Ей даже законных своих пятерок по математике и по русскому было стыдно. Хотелось быть похожей на Катю во всем. Она раньше не понимала, как можно хотеть быть на кого-то похожей. Мария Андреевна в первом классе спрашивала: «На кого из сказочных героев вы хотели бы походить?» Девочкам надо было сказать, что на Василису Прекрасную, или уж на царевну-лягушку, потому что они любят труд, а мальчикам – что на Ивана-царевича, потому что он смелый и думает не об одном себе. Это все знали, как отвечать. Мария Андреевна уточняла: «А никто не хочет быть похожим на Емелю на печке?» И надо было смеяться со всеми, чтобы никто не понял, что ты в детском саду больше всех любила Емелю и думала, как хорошо было бы с ним покататься на печи, а с Василисой дружить, наверно, было бы скучно. А после тебе объяснили, что Емелю нельзя любить, потому что он не хочет работать.

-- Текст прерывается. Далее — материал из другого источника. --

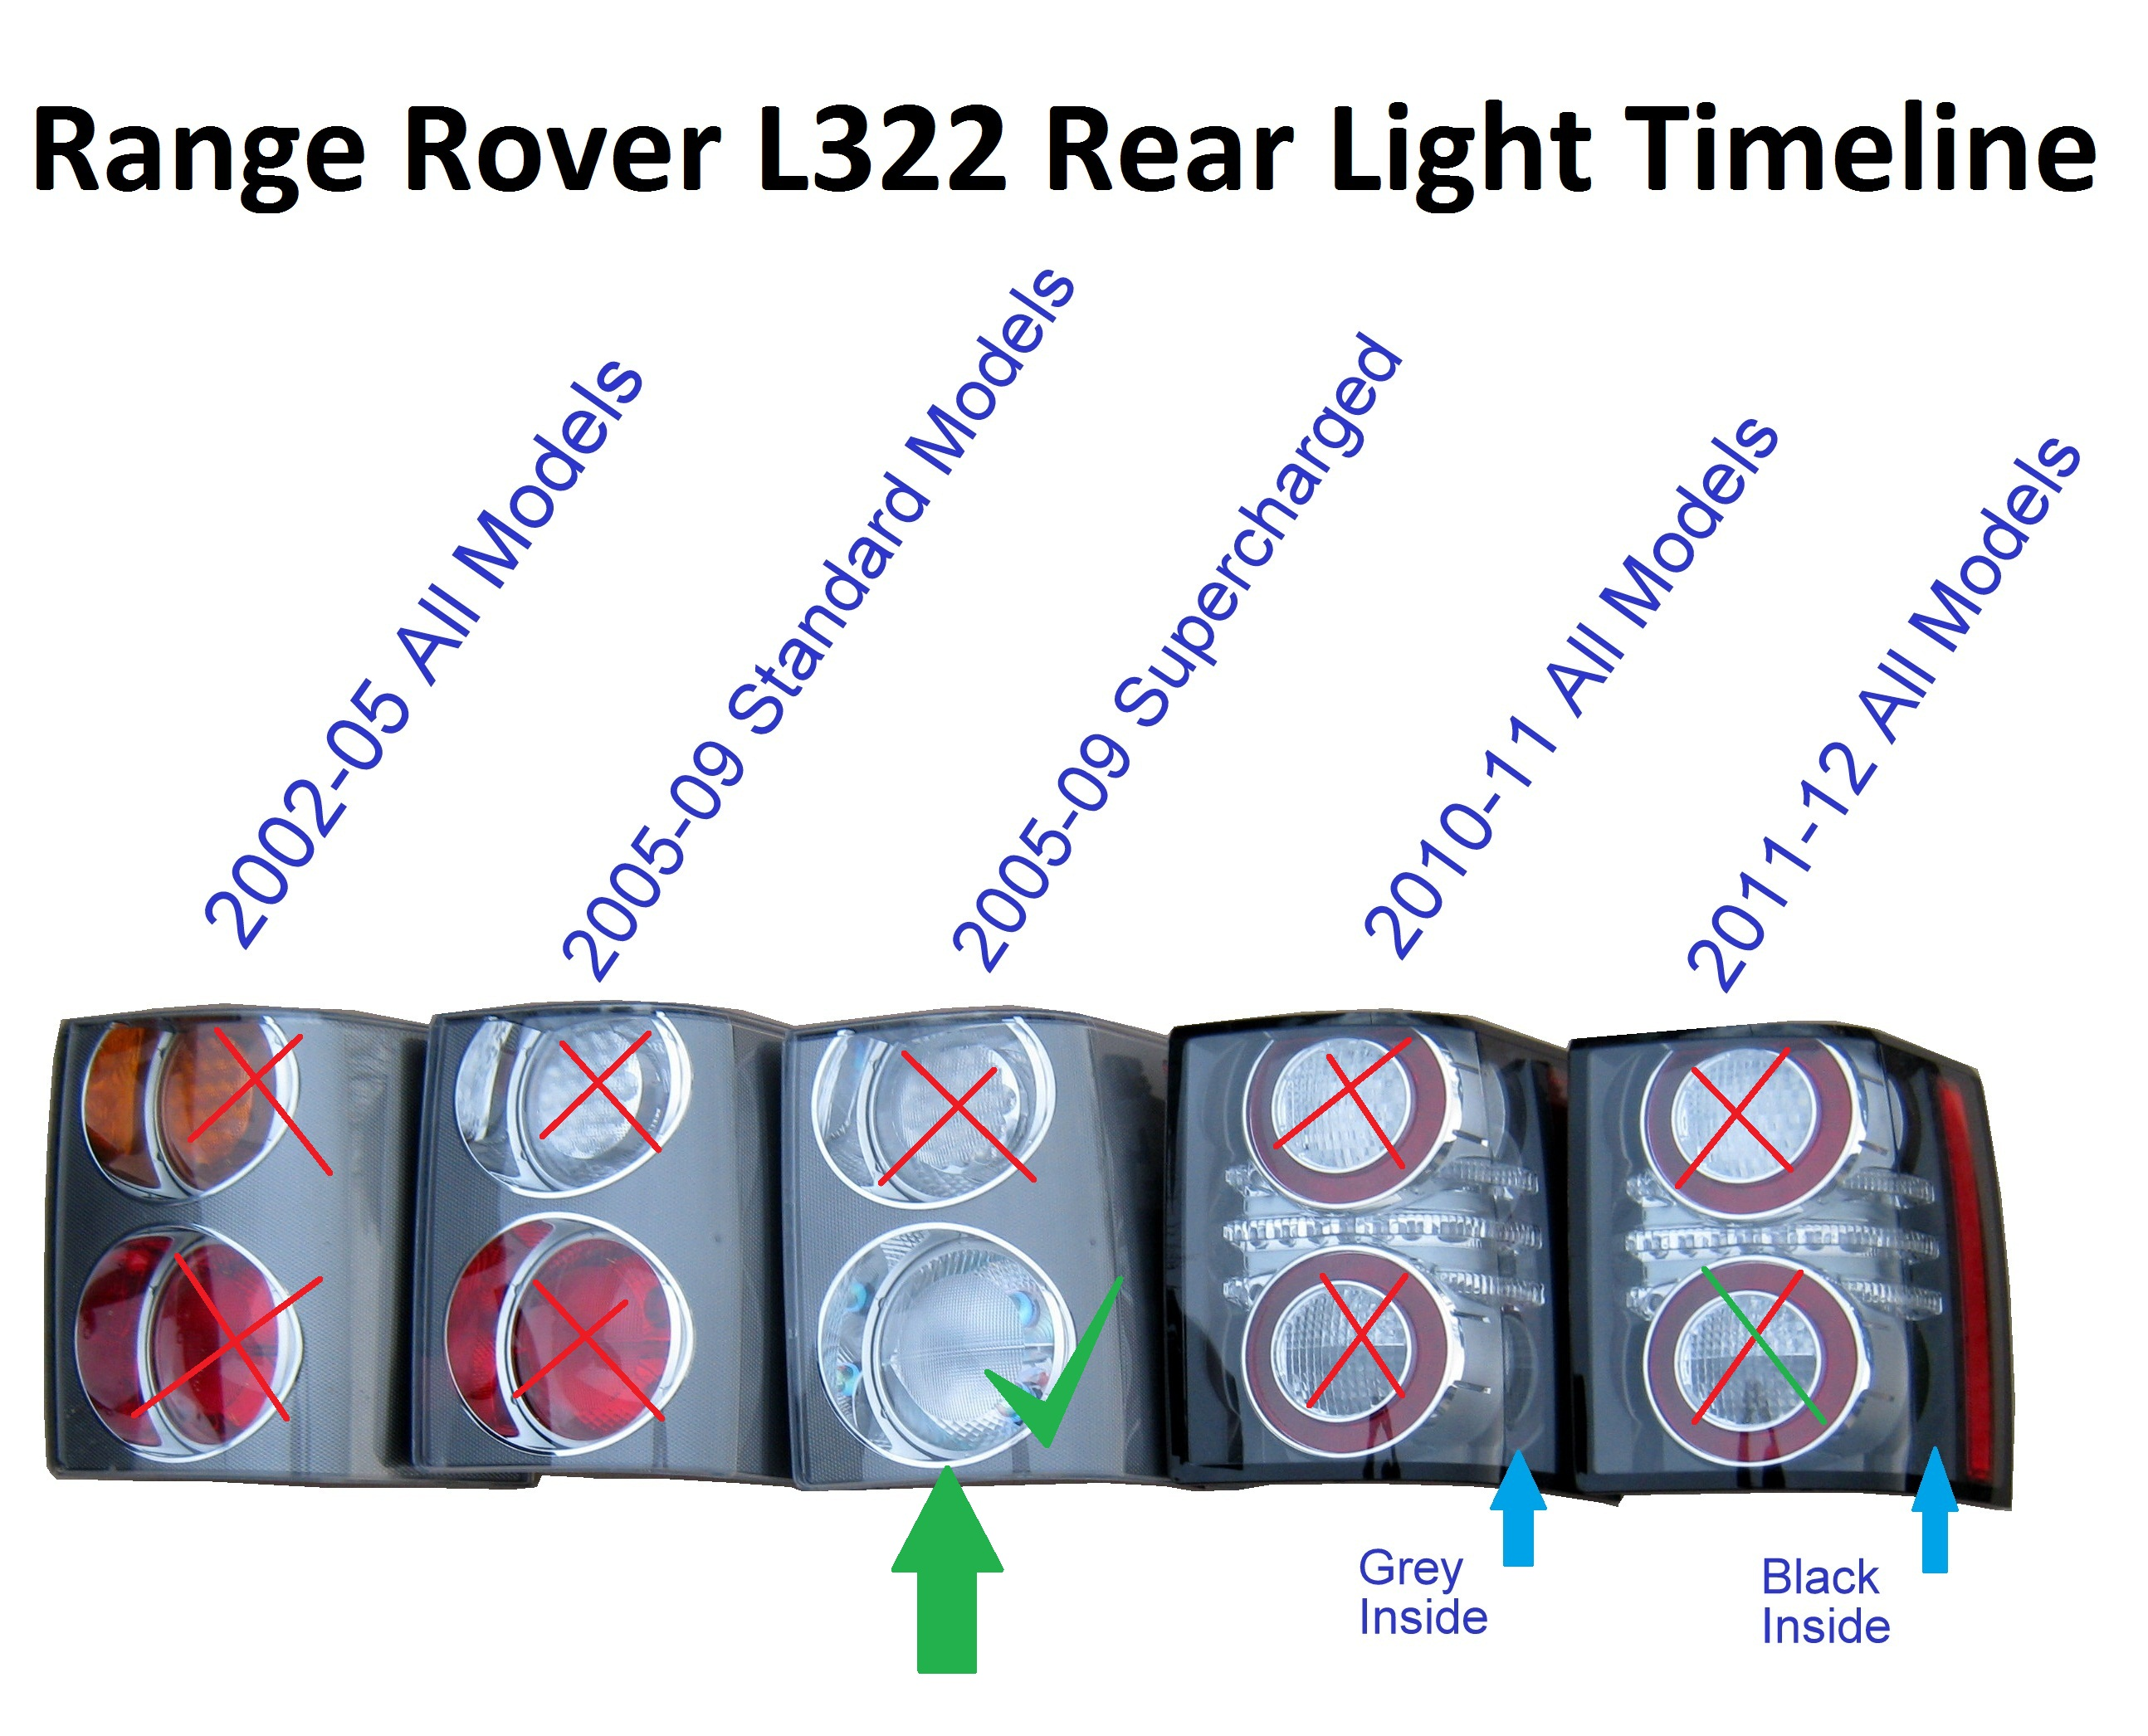 freelander wiring diagram 2002 hyundai accent radio silver tail/fog lamp bulb range rover l322 supercharged rear lights xzq500110 | ebay

Нина Кротова хотела однажды ответить про Василису – подняла руку, вскочила, и тут Мишка Анчугин выкрикнул: «На кикимору!» Хотя кикимор в очках и с аккуратными стрижками не бывает. Мария Андреевна подняла Анчугина и стала ему объяснять, что сам он учится на три, изредка на четыре, а Нина Кротова – гордость класса. «Тебе все равно, что в школе говорят о нас обо всех, ты нисколько не гордишься своей одноклассницей, как будто с нами не учишься», – повторяла Мария Андреевна, и Света ежилась, будто она сама была Анчугин, и вспоминала, как мама говорила, что хочет, чтоб ее дочка была похожей на Нину Кротову.
Маму послушать – на всех собраниях только про Нину и рассказывают. Про то, что она опрятная и знает, как говорить со старшими. Все родители собираются, чтобы послушать про Нину! Что с Марией Андреевной было так, что теперь, с Кларой Петровной. Про Свету еще ни разу так долго не говорили. Чаще всего про нее не вспоминают. И мама, придя домой, упрекает ее: «Ничего не сказано было о тебе, абсолютно, будто тебя и нет в классе!»
На другой день Света наблюдает за Ниной, как та заранее на перемене раскладывает на парте все, что ей понадобится на уроке, и как протирает особой тряпочкой очки. А Света всегда теряет свою тряпочку. Футлярчик сам раскрывается, и она выпадает – потом ройся в рюкзаке. Мама говорит, что в одиннадцать лет надо уже быть собраннее. Но футляр-то у Светы тот самый остался, что был в десять лет, и рюкзак тот же. Что должно поменяться от того, что тебе стало одиннадцать?
На переменах девочки толпятся вокруг Нины Кротовой, по классу разносится ее голос:
– Хью Джеффу усы ну абсолютно не идут! Он, что ли, сам не видит? А был ведь какой мальчик! Влюбиться можно было!
Свете странно, что можно при всех сказать такое слово – «влюбиться». И она видит, как у соседнего стола Лешка и Миша Анчугин одинаково вздрагивают и смотрят на Нину – и сразу отводят взгляд. И думают, что никто не заметил!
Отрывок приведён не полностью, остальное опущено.